L’algorithme consiste à entraîner un réseau neuronal profond (deep neural network) à détecter la position d’un objet dans n’importe quelle image. L’idée est de créer une base de données d’images synthétiques, obtenues en "collant" cet objet sur des arrière-plans aléatoires. «Avec cette méthode, il est possible de contrôler précisément certains paramètres afin d’améliorer la performance du robot, explique Alexandre Carlier, étudiant en section informatique qui a terminé à la 3e place du classement. Par exemple, pour qu’il puisse suivre l’objet, même lorsque son tandem est en train de courir, on peut ajouter artificiellement du flou dans les images d’entraînement pour simuler un effet de mouvement rapide.»

Si la plupart des participants savaient déjà programmer, certains ont appris à le faire en cours de route, notamment Linah Charif et Sergej Gasparovich, étudiants en section de génie civil, arrivés premiers de la course. «C’est une grande fierté de voir que les étudiants qui ne savaient pas coder peuvent acquérir cette compétence et arriver à un tel résultat grâce à ce cours», souligne Alexandre Alahi.
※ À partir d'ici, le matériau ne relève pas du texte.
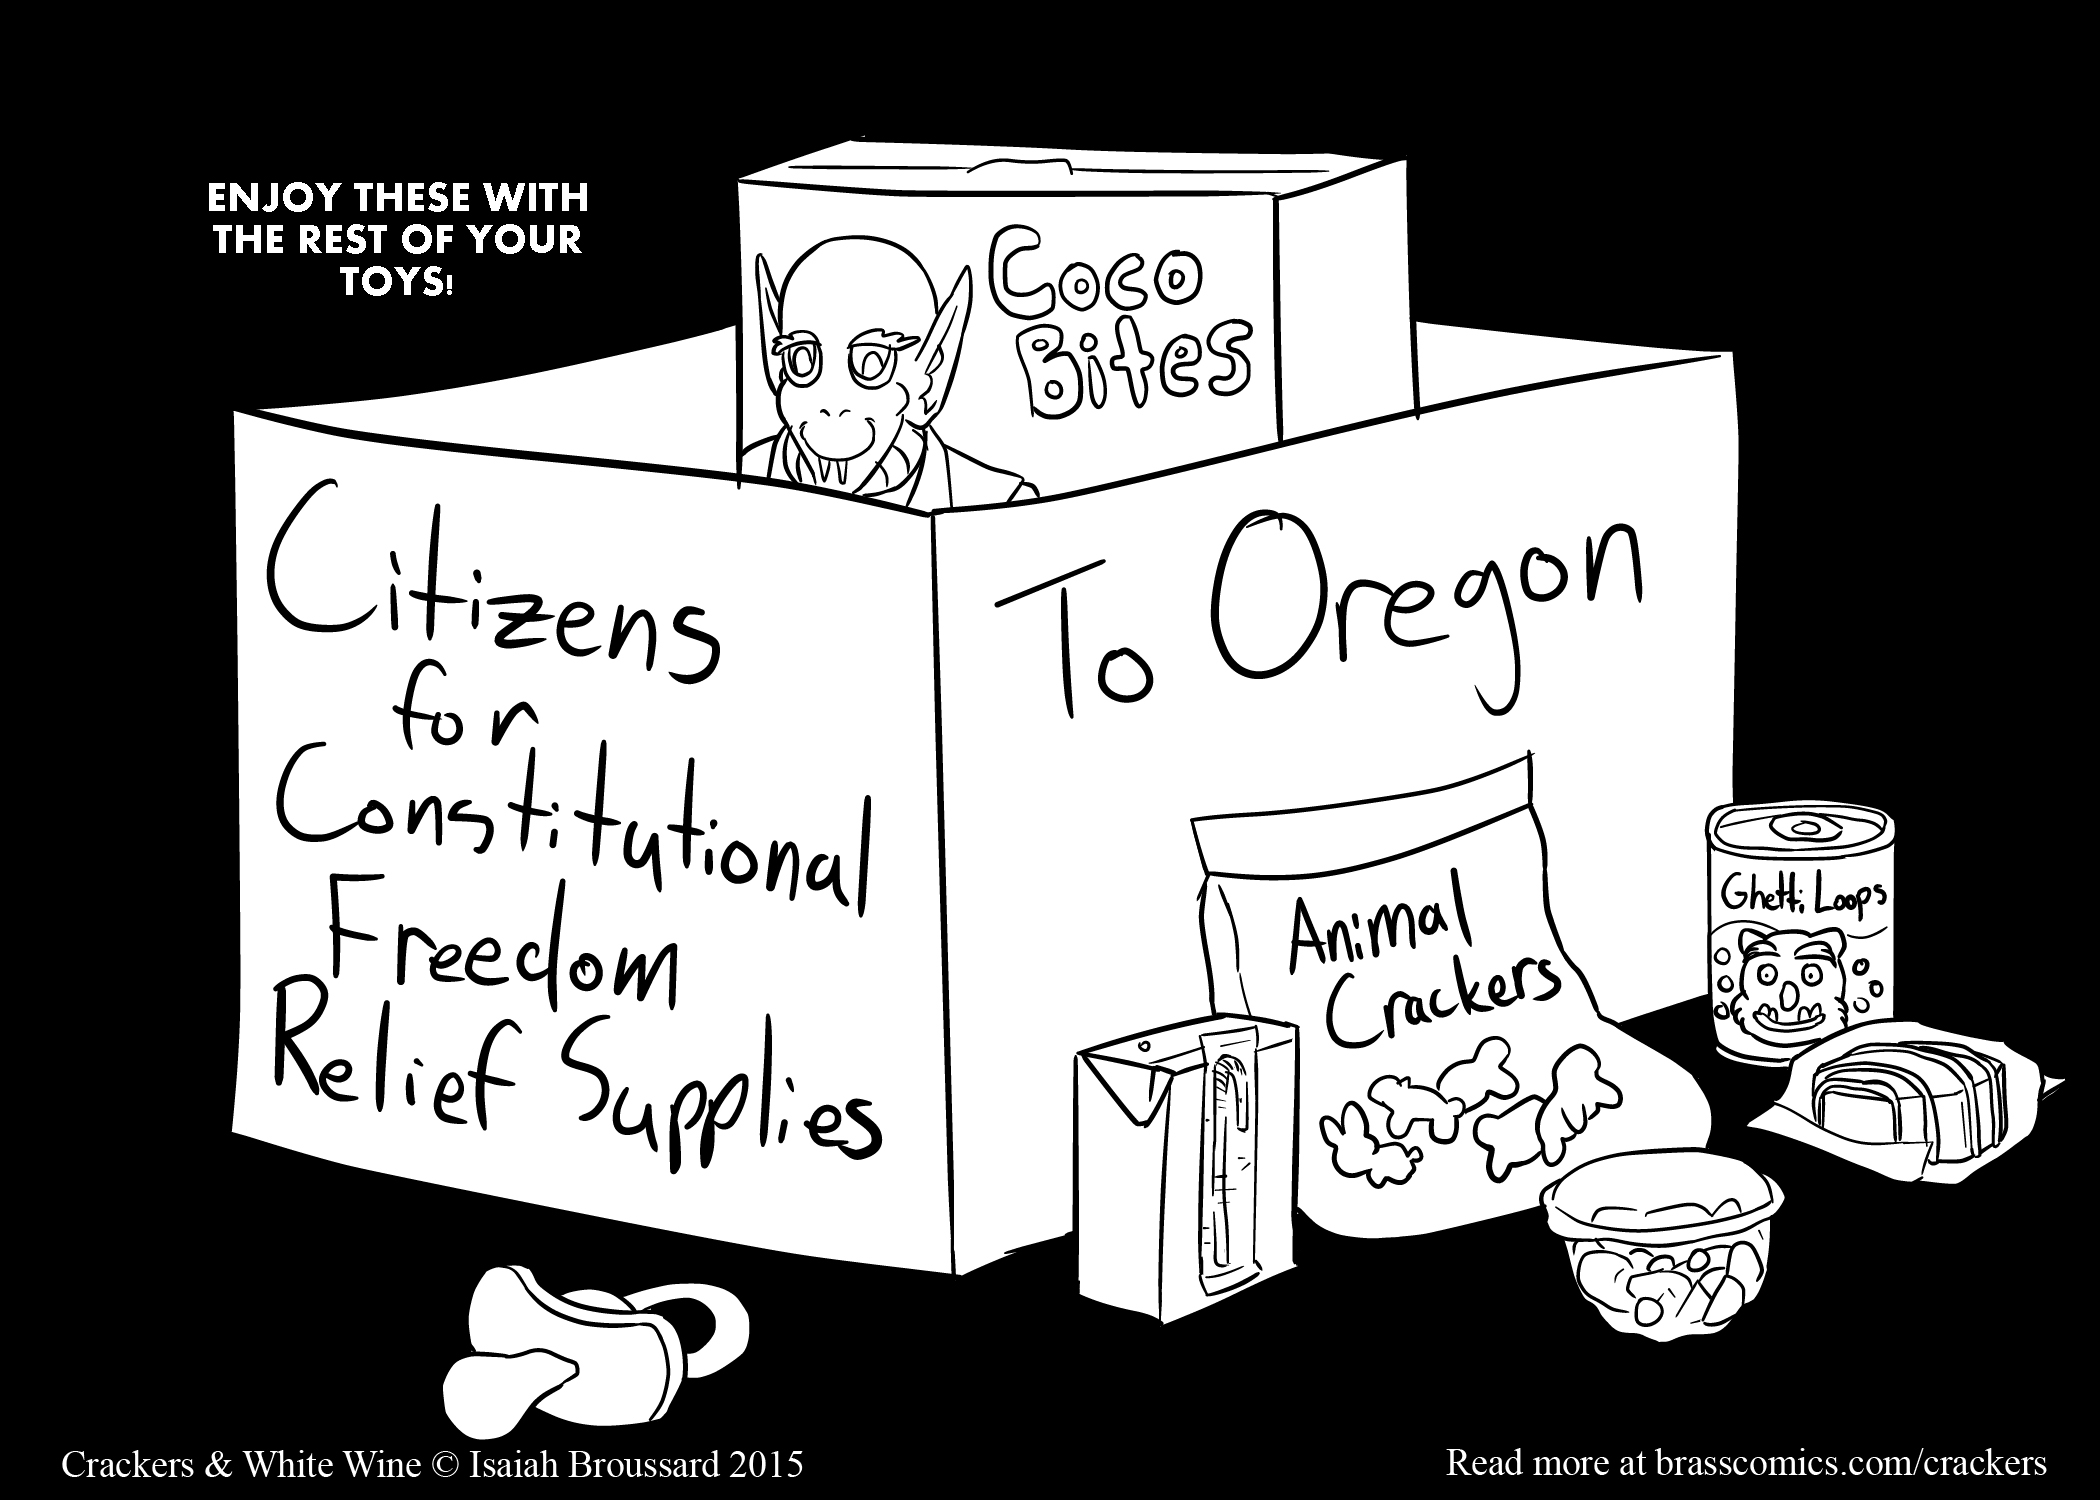 Oregon Militia

Parmi les challenges à relever, les interférences causées par les autres concurrents sur la piste ou encore les possibles différences de luminosité dans la pièce. «Les virages sont aussi une difficulté majeure. Il faut que le robot puisse toujours nous avoir dans son champ de vision et qu’il continue à nous suivre», ajoute Alexandre Carlier.

Plutôt qu’un visage, la plupart des étudiants ont choisi de programmer le robot à reconnaître une image, un signal plus franc et moins enclin à souffrir des interférences. Un cercle rouge, Mickey, une banane, le drapeau suisse, un verre de vin, chaque équipe a choisi son emblème.

Véhicules autonomes, mais pas que

Dans ses applications réelles, ce genre d’algorithme est typiquement utilisé dans les véhicules autonomes pour reconnaître panneaux et feux de circulation, voitures et piétons. «Dans mon laboratoire, nous travaillons à faciliter la coexistence de ces robots avec les humains», précise Alexandre Alahi. Que l’on imagine un robot livreur de colis, ou accompagnant les personnes âgées pour porter leurs bagages ou leur sac de course, il importe que le robot puisse non seulement percevoir le comportement humain, mais également agir avec une certaine intelligence sociale. Lorsqu’il se déplace dans une foule par exemple, il devrait pouvoir anticiper et respecter les conventions sociales et les règles éthiques. Cette course est donc également une opportunité de montrer qu’humains et robots peuvent coexister dans un espace réduit.

Si le classement final dans la course fait partie des critères de notation, il n’est pas le seul. «Les étudiants seront surtout notés sur leur travail préalable d’amélioration du modèle, déclare George Adaimi, doctorant. Mais j’espère que cette course aura rendu l’exercice plus amusant et qu’il aura motivé les étudiants à poursuivre dans ce domaine de recherche.»